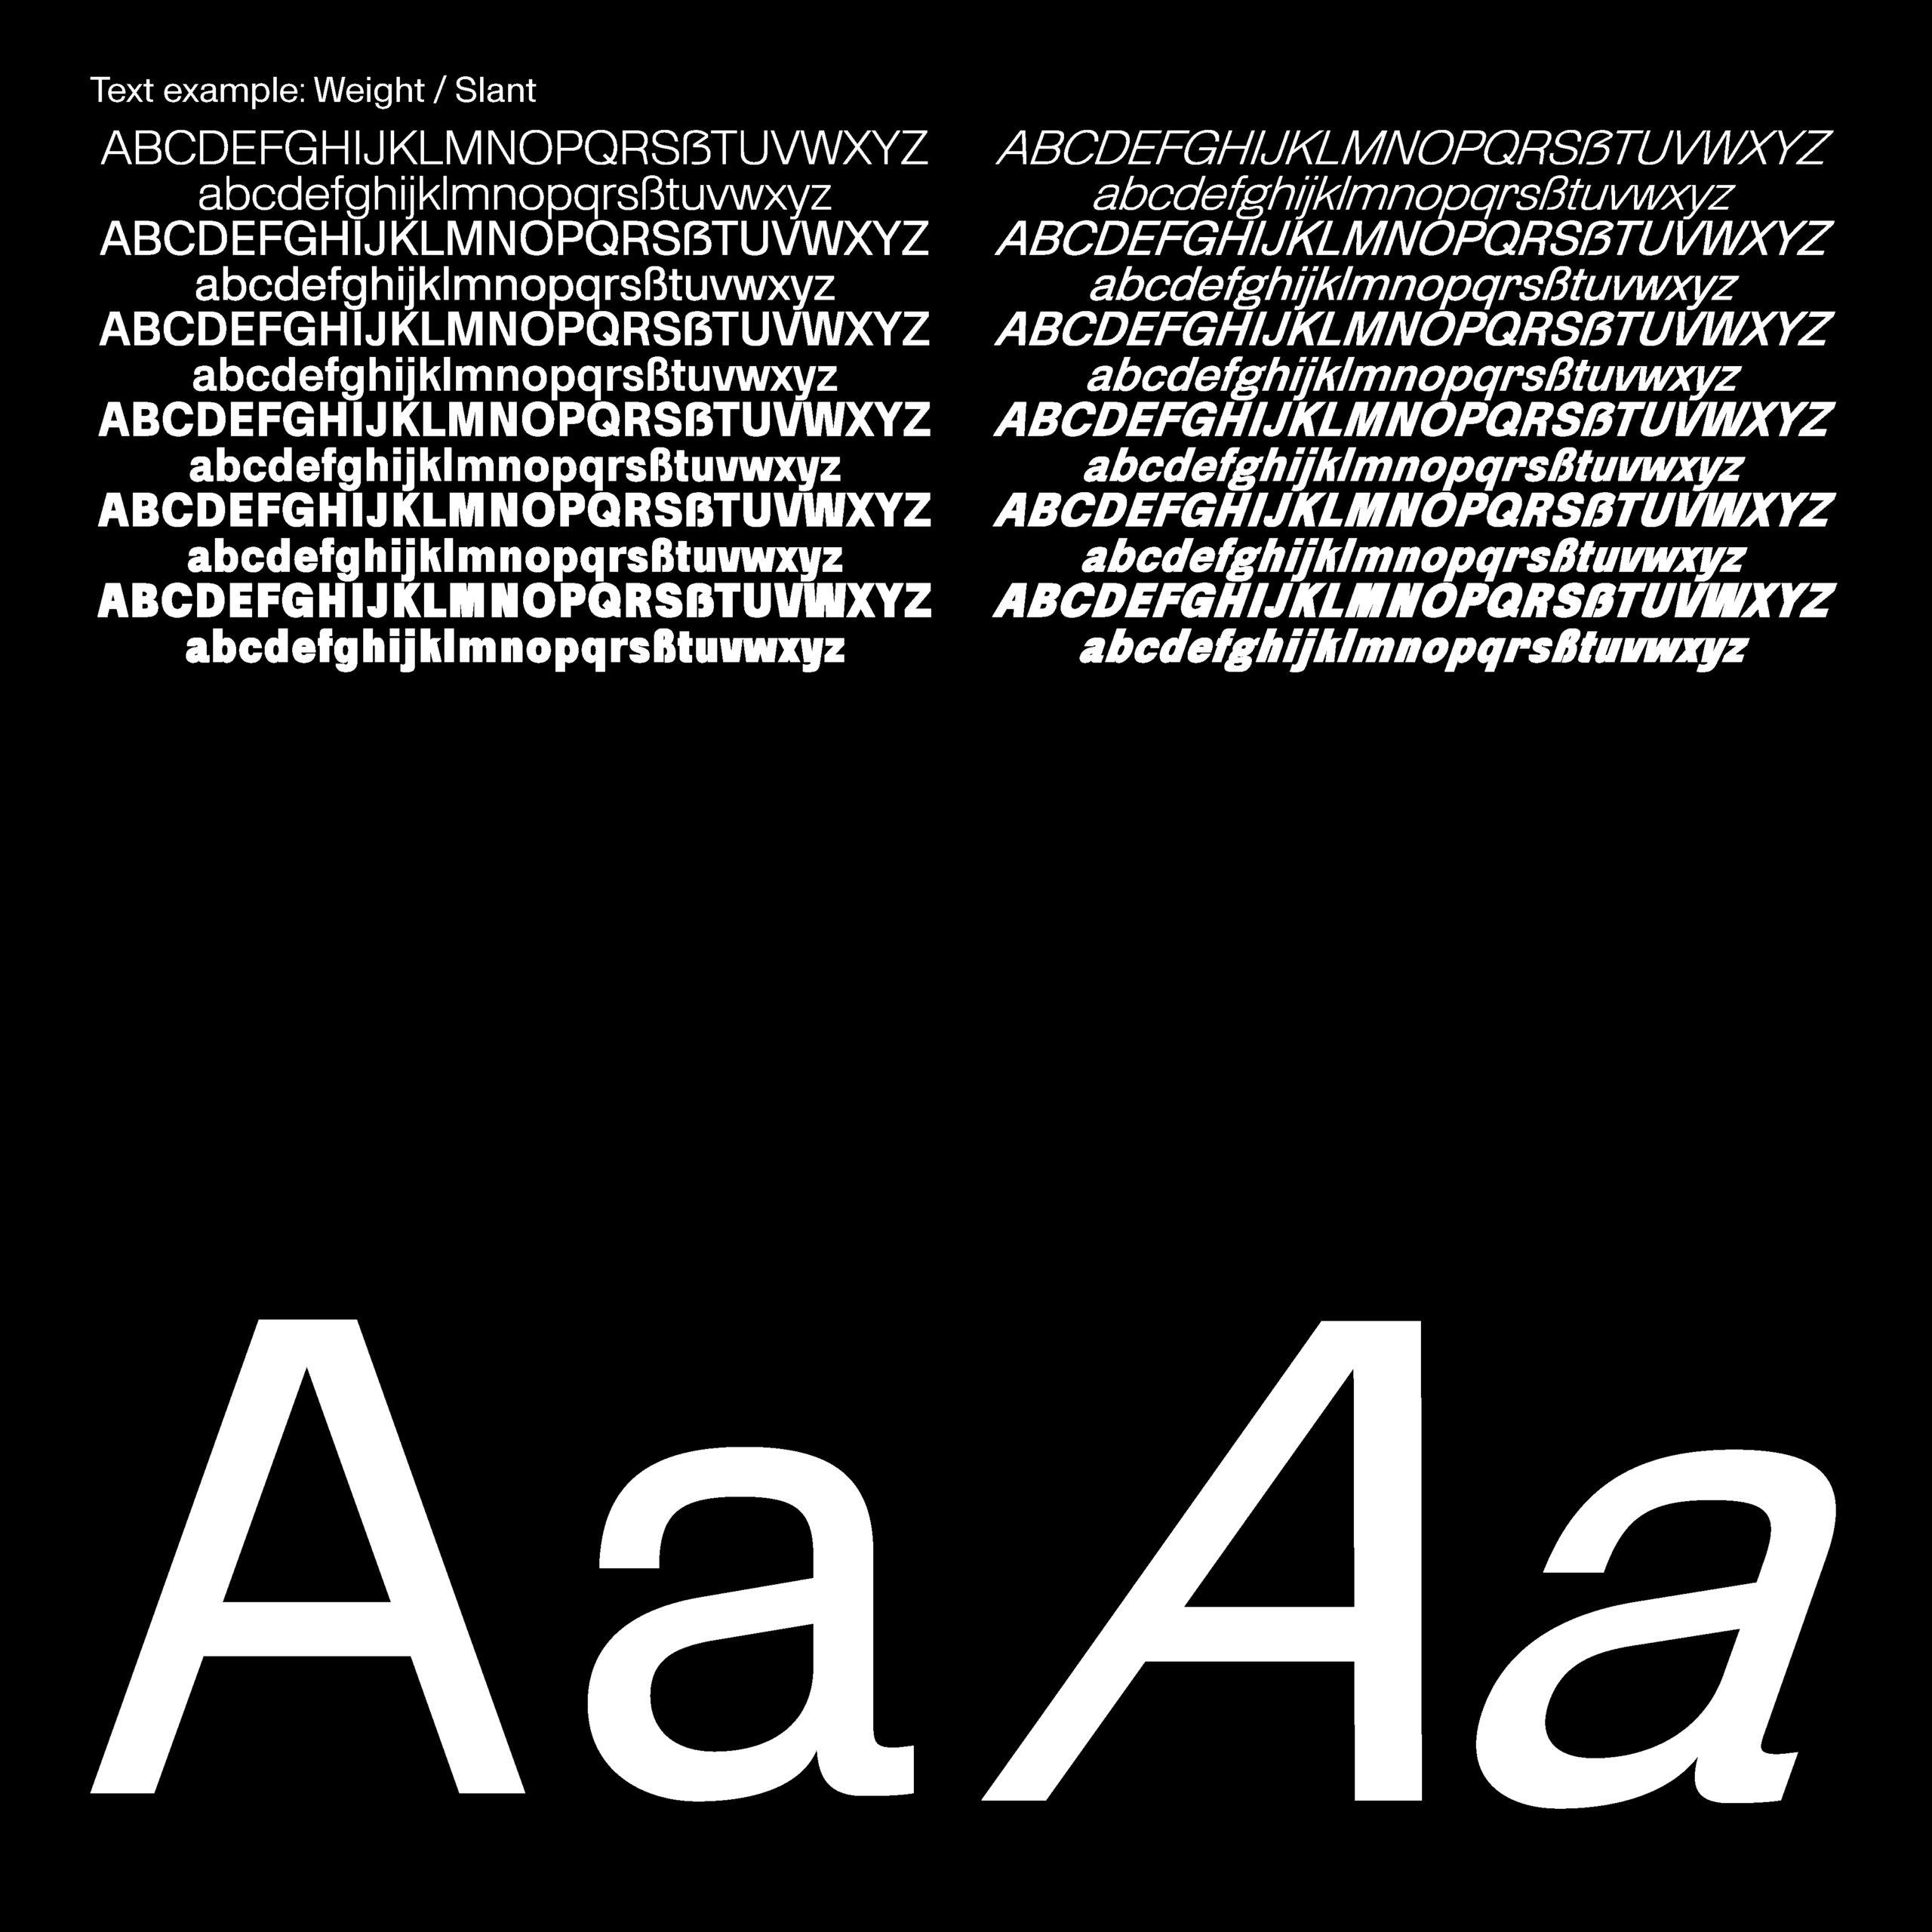 Daniel_Stuhlpfarrer_Spekulative-Schriftgestaltung-Speculative-Type-Design_WEB-new
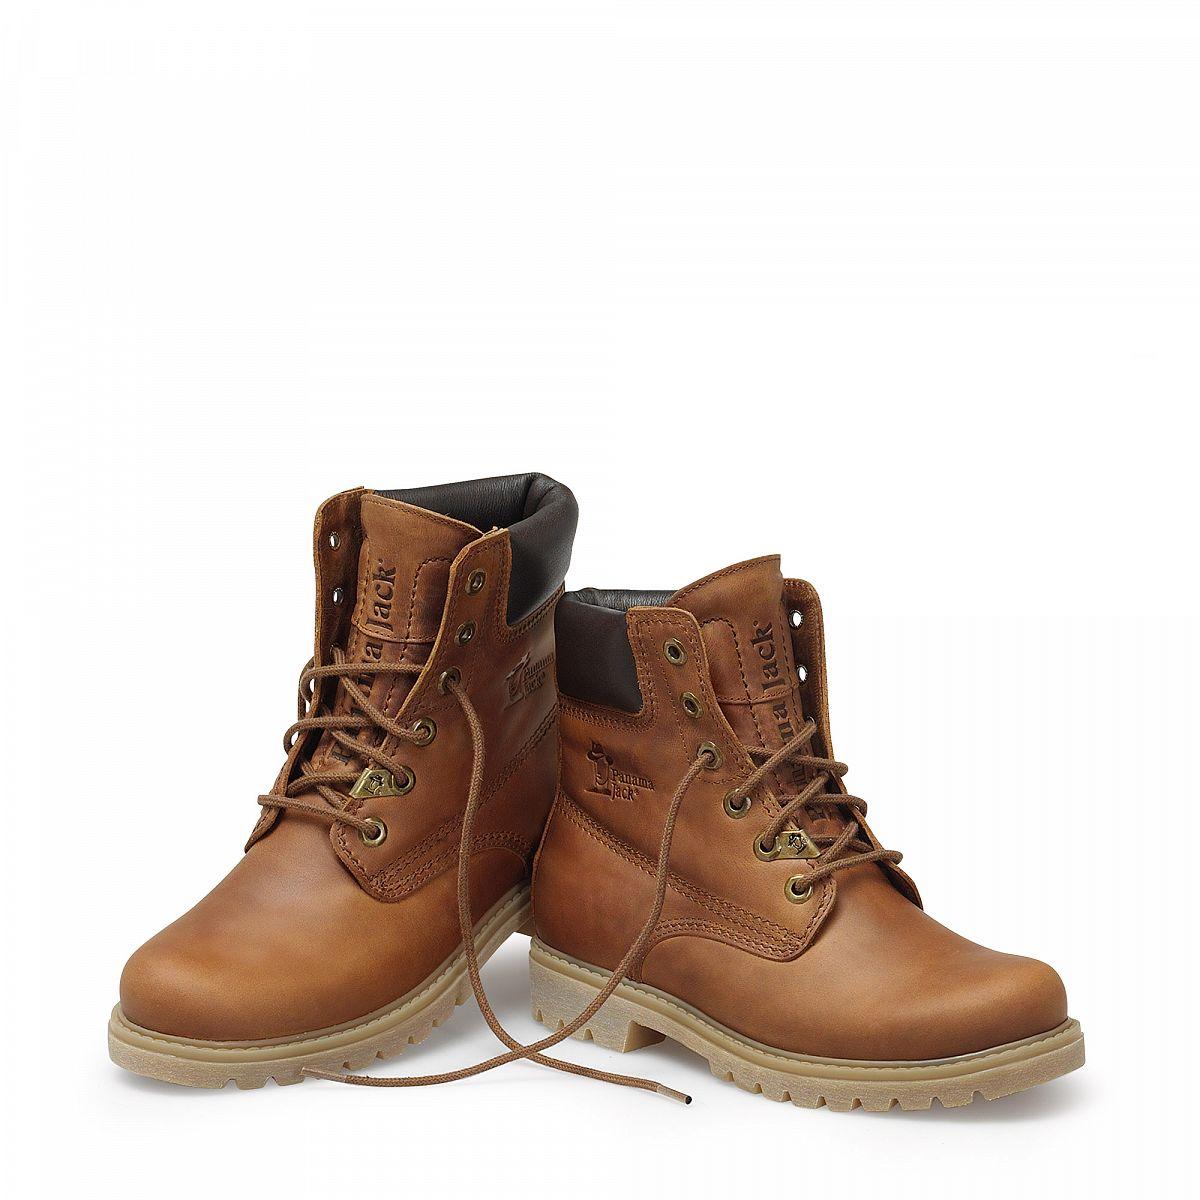 womens boots panama 03 bark panama jack online shop. Black Bedroom Furniture Sets. Home Design Ideas
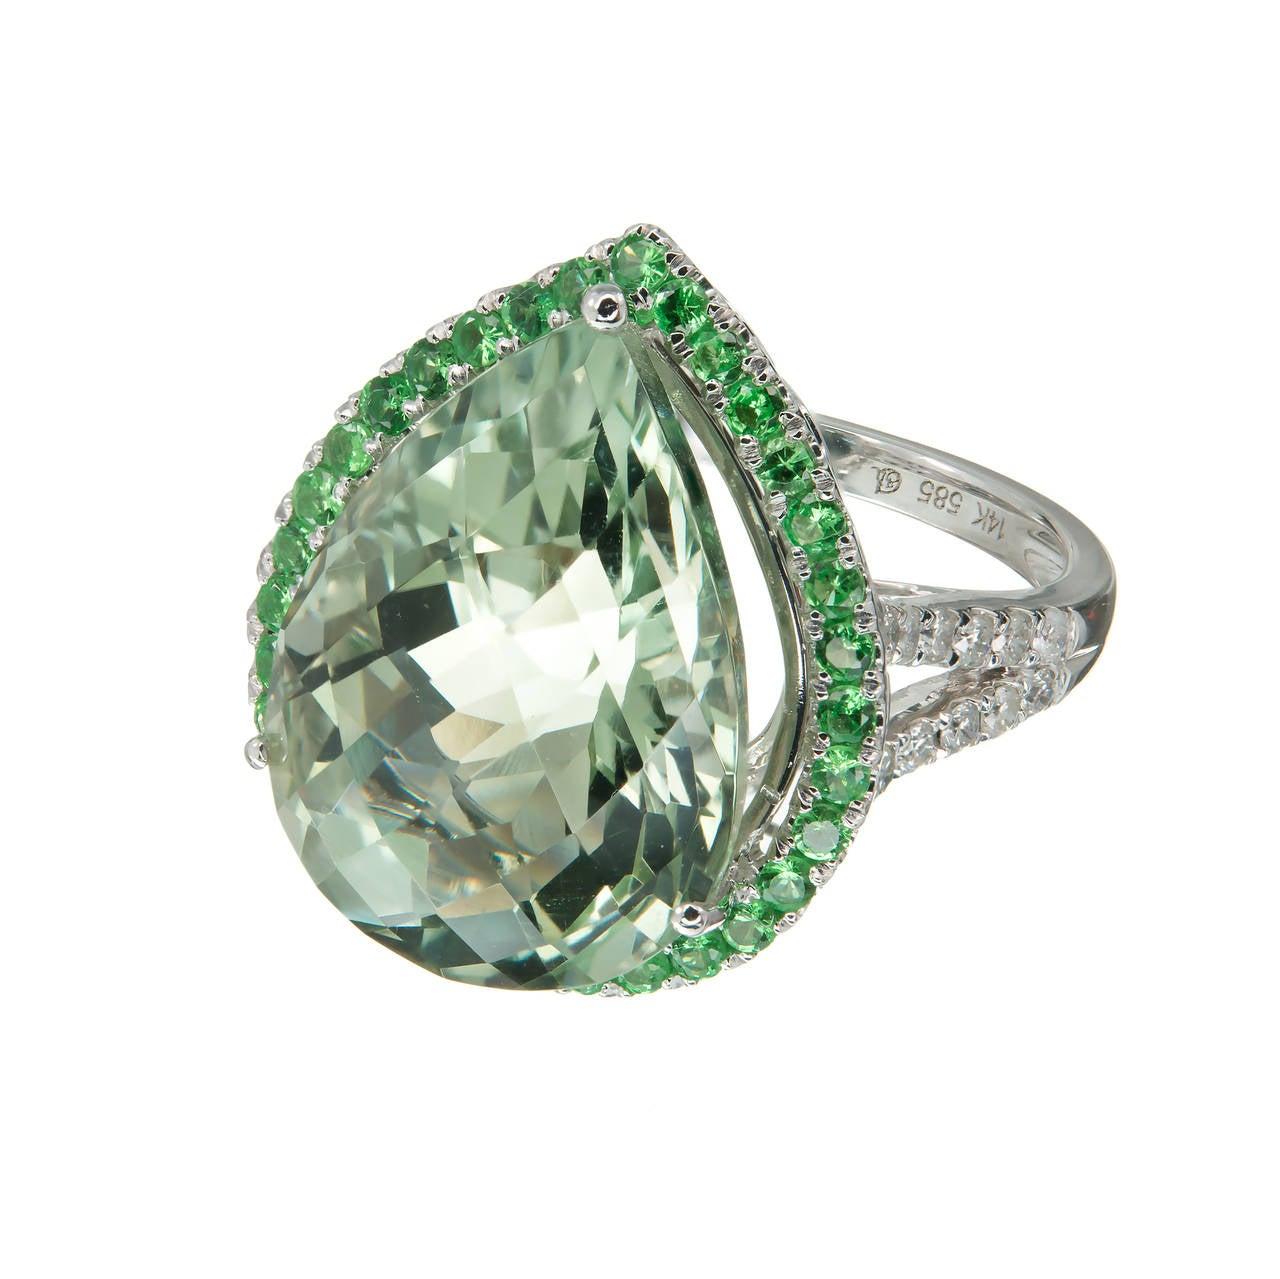 Green Quartz Prasiolite Garnet Diamond Gold Cocktail Ring In Good Condition For Sale In Stamford, CT
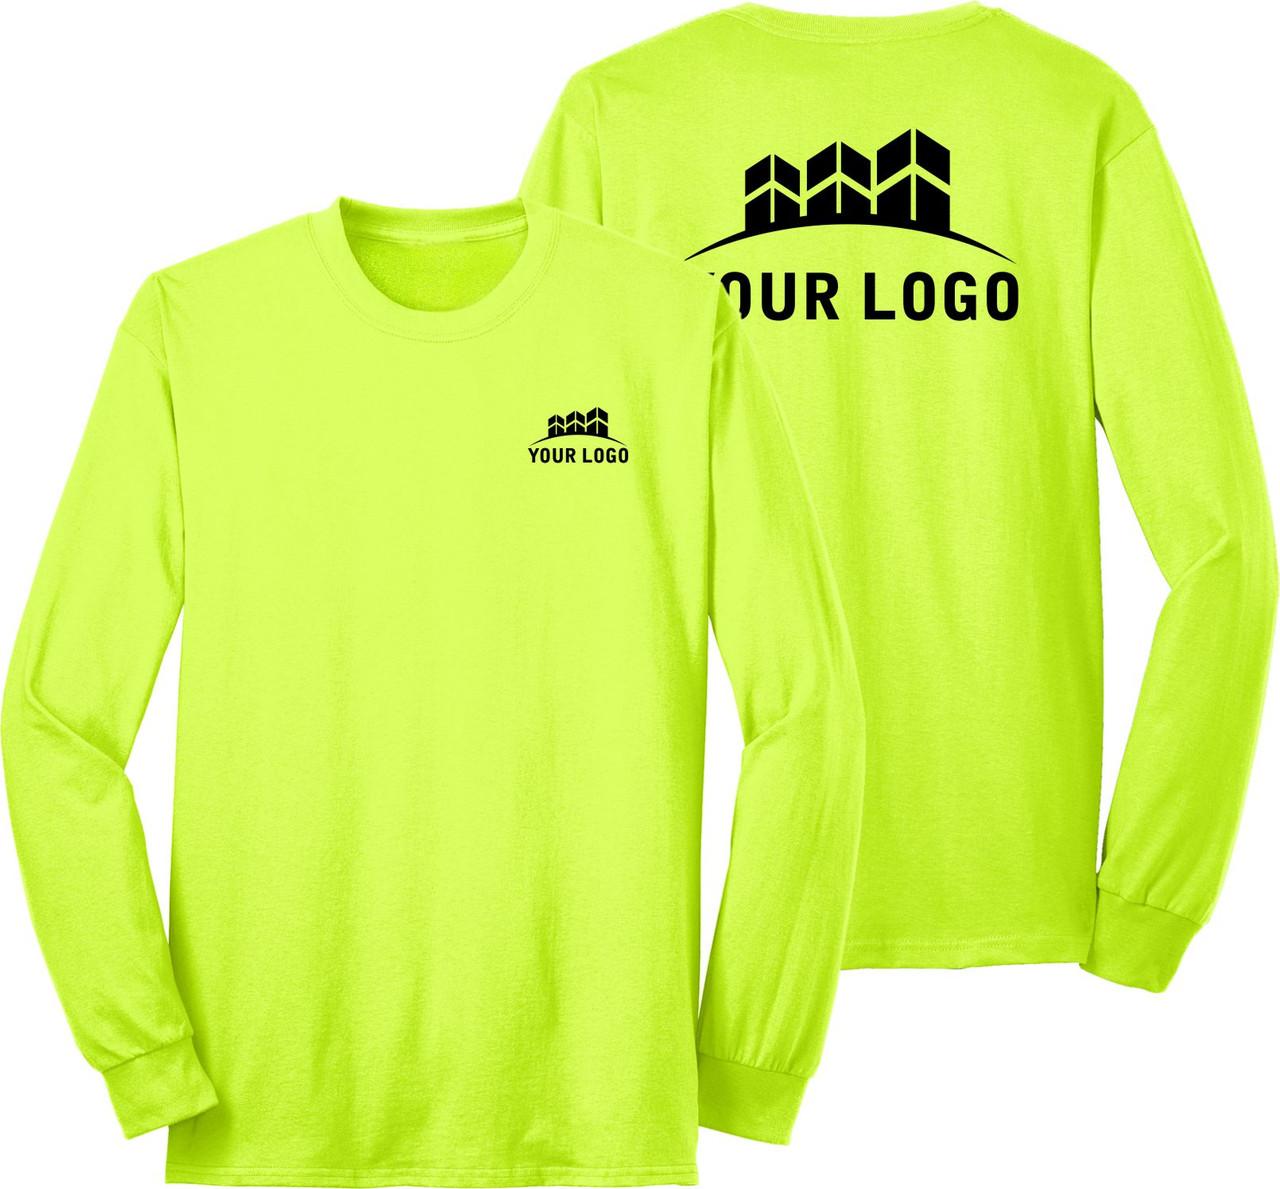 Safety Green Lonh Sleeve Shirt with Logo | Custom High Visibility Long Sleeve T-Shirt | Custom Construction Safety Shirt

__Exercise brief__:
Give back the data verbatim. The pictures are not part of the copy.

__Exercise response__:
 Daniel_Stuhlpfarrer_Spekulative-Schriftgestaltung-Speculative-Type-Design_WEB-new
 womens boots panama 03 bark panama jack online shop. Black Bedroom Furniture Sets. Home Design Ideas
 Green Quartz Prasiolite Garnet Diamond Gold Cocktail Ring In Good Condition For Sale In Stamford, CT
 Safety Green Lonh Sleeve Shirt with Logo | Custom High Visibility Long Sleeve T-Shirt | Custom Construction Safety Shirt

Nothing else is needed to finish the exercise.